Wednesday, March 2, 2011

U.S Dollar - Safe Haven No More?


For years, whenever significant political or financial turmoil reared its head anywhere on the globe, investors would turn to the U.S. dollar as a safe haven.

Yet as the chaos in North Africa has grown over the past month, investors have largely shunned the dollar and sought shelter elsewhere. They have turned to other traditional islands of stability, buying Japanese yen and the Swiss franc.

What has especially raised eyebrows has been the move by investors to buy euros, a currency traditionally seen as a riskier prospect than the dollar, especially with the euro zone's debt problems still largely unresolved.

This has sparked a debate over whether the dollar has lost its safe-haven status.

"Over the last 20 years, people have always moved into the dollar on any sort of uncertainty in the global economic space, but what we've seen over the past two weeks is actually a terrific move out of the dollar," says Douglas Borthwick, a managing director at Faros Trading in Stamford, CT... 


So for now, the argument goes, there are better safe havens available to investors than the U.S. currency.

Even on individual days when events have sent a scare through the financial markets, the dollar hasn't benefited.


On January 25, when the protests in Egypt first flared up, the euro advanced more than two cents to almost $1.39.

This contrasts with other episodes of flight-to-safety currency buying in the past. During the 2008 global financial crisis, the dollar rose by roughly +24%.
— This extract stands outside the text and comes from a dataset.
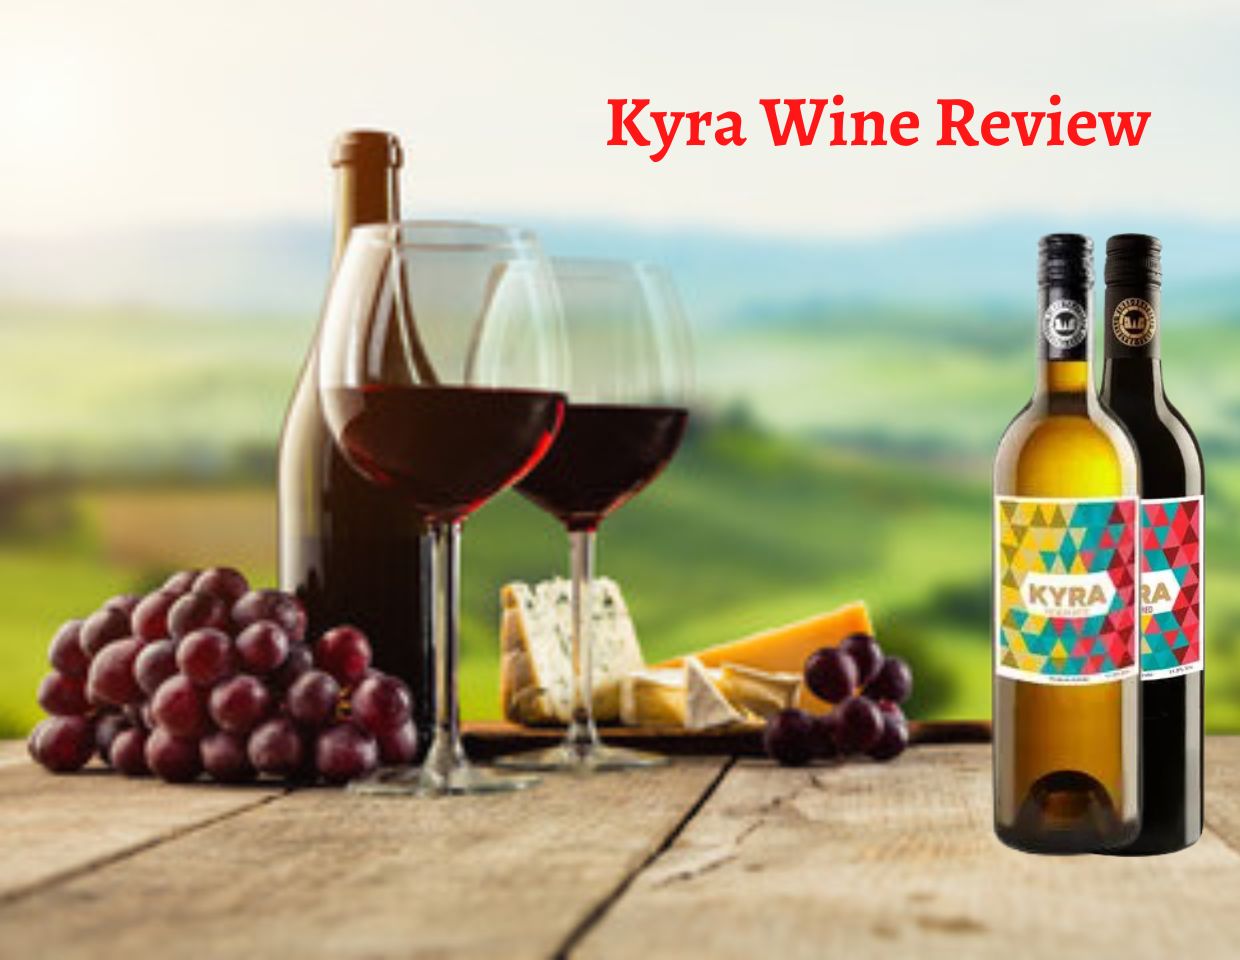 Kyra Wine review price detail information
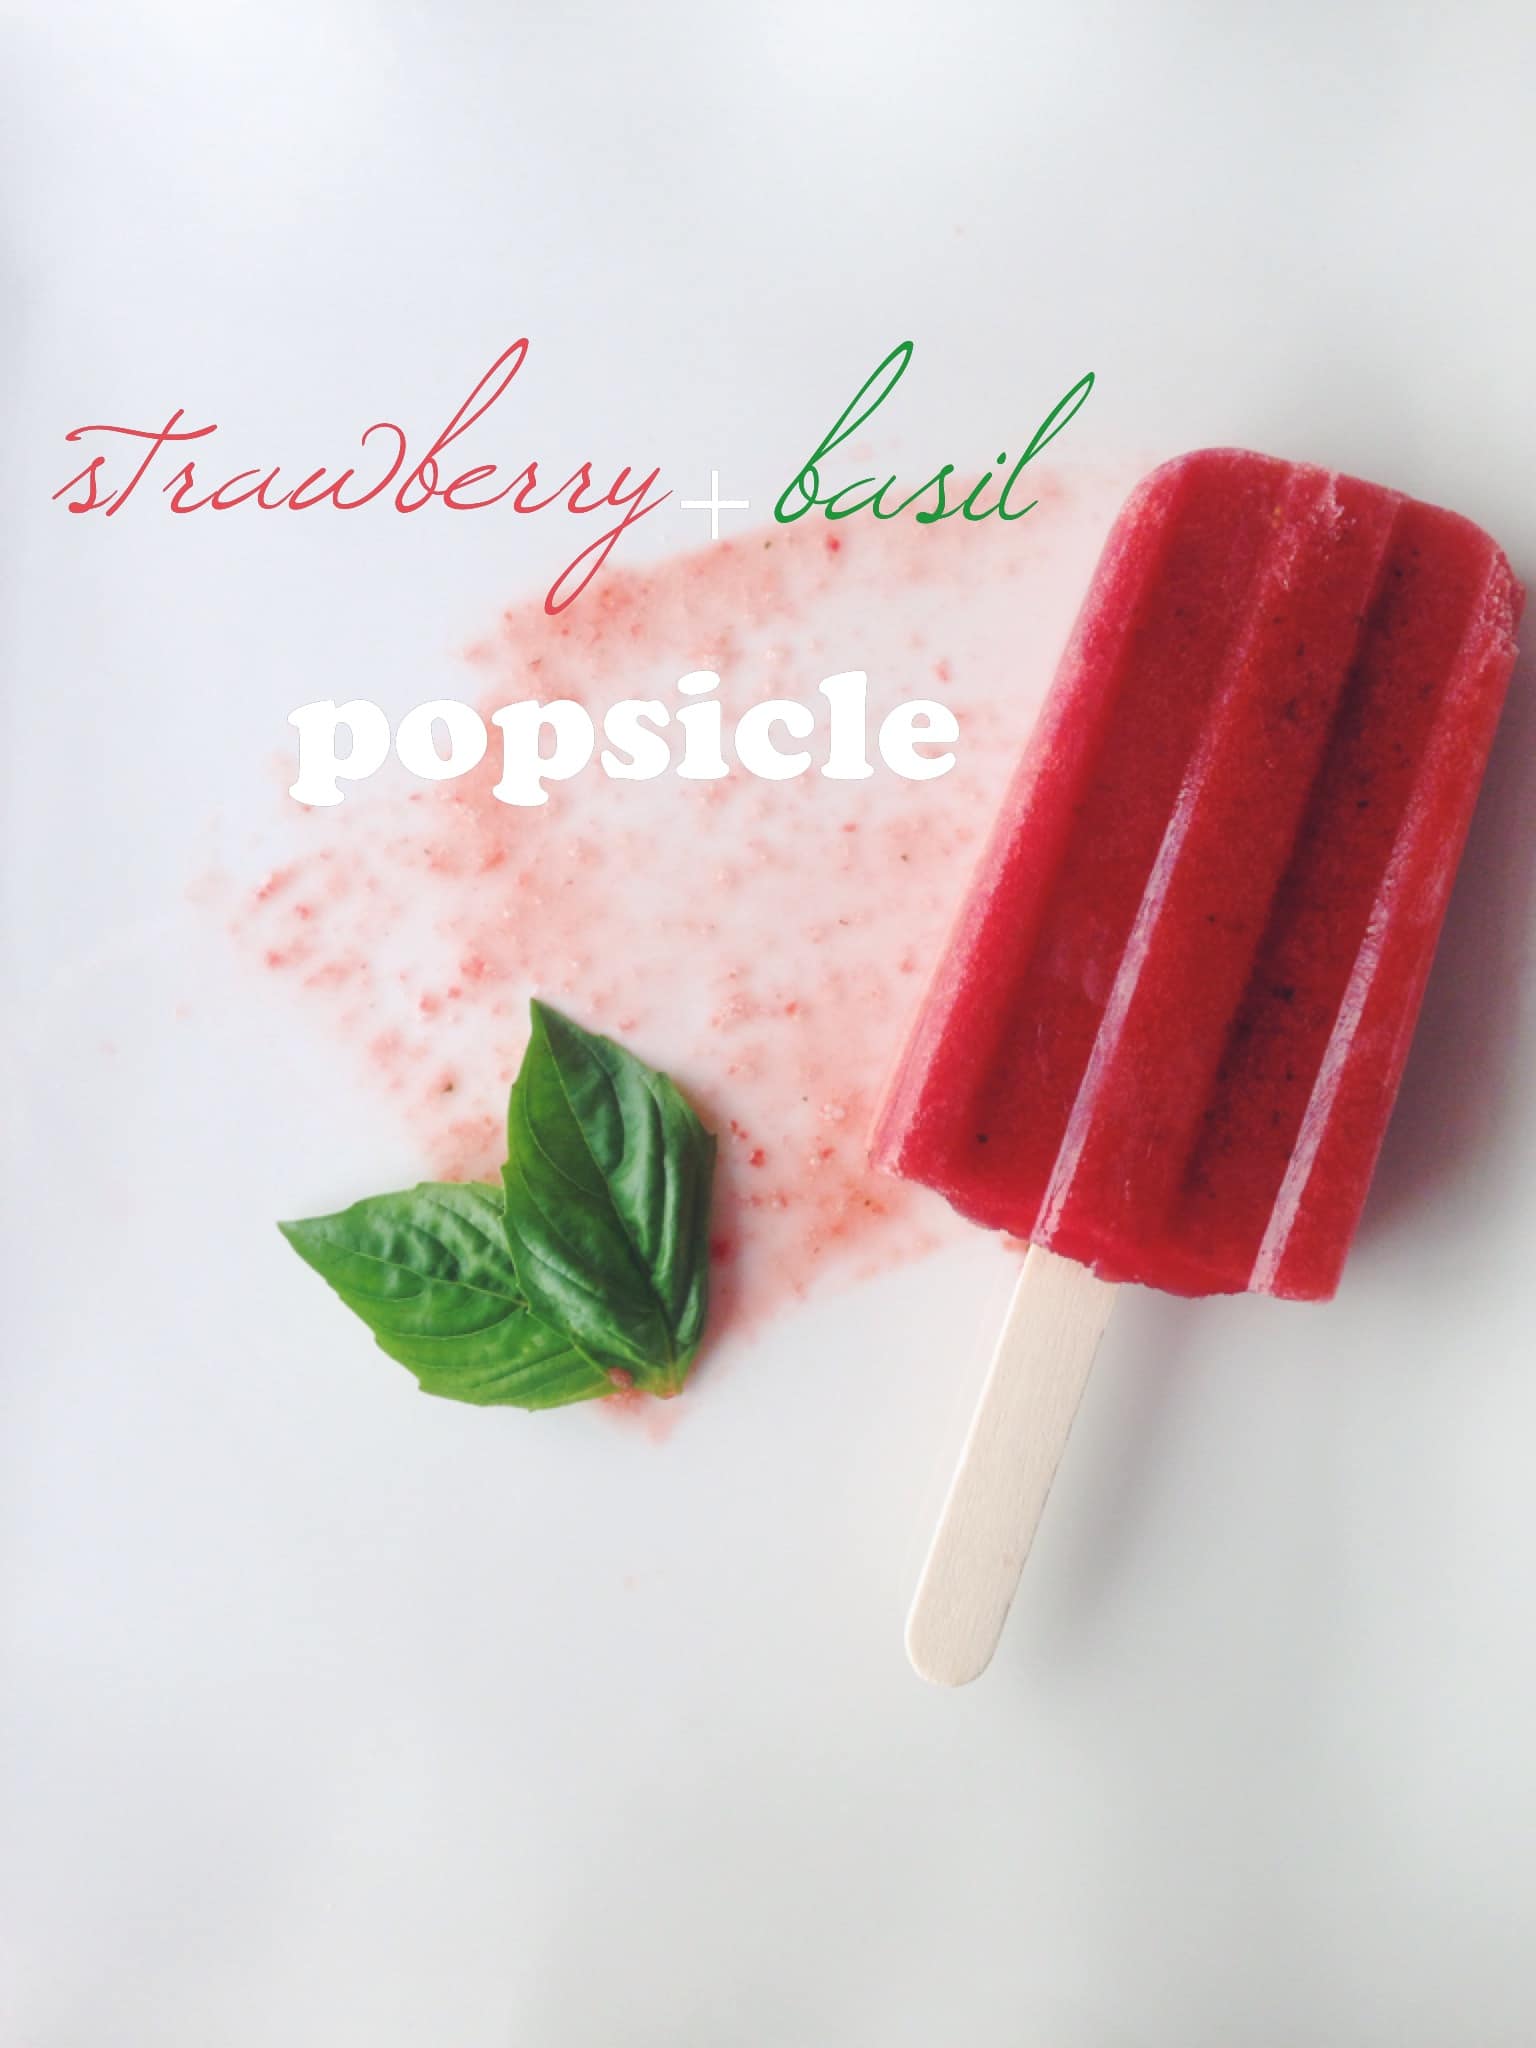 Strawberry+Basil Popsicle

Analysts at BCA Research also point out that some investors also are looking to gold as a more appealing safe-haven investment. "We would agree with this assessment," the analysts wrote.

Gold rose +5.7% in February, its biggest monthly gain since April 2010. With investors increasingly wary of the ability of the U.S. to solve its fiscal problems and the Fed perceived to be "printing dollars" as part of its quantitative-easing strategy to support the economy, there's less confidence that the U.S. dollar is "safe" in the sense, Mr. Borthwick says.

"It's the knee-jerk reaction that matters,"
he said. "Nowadays the knee-jerk reaction is buy euros and not to buy dollars. The mindset of buying euros is a complete switch."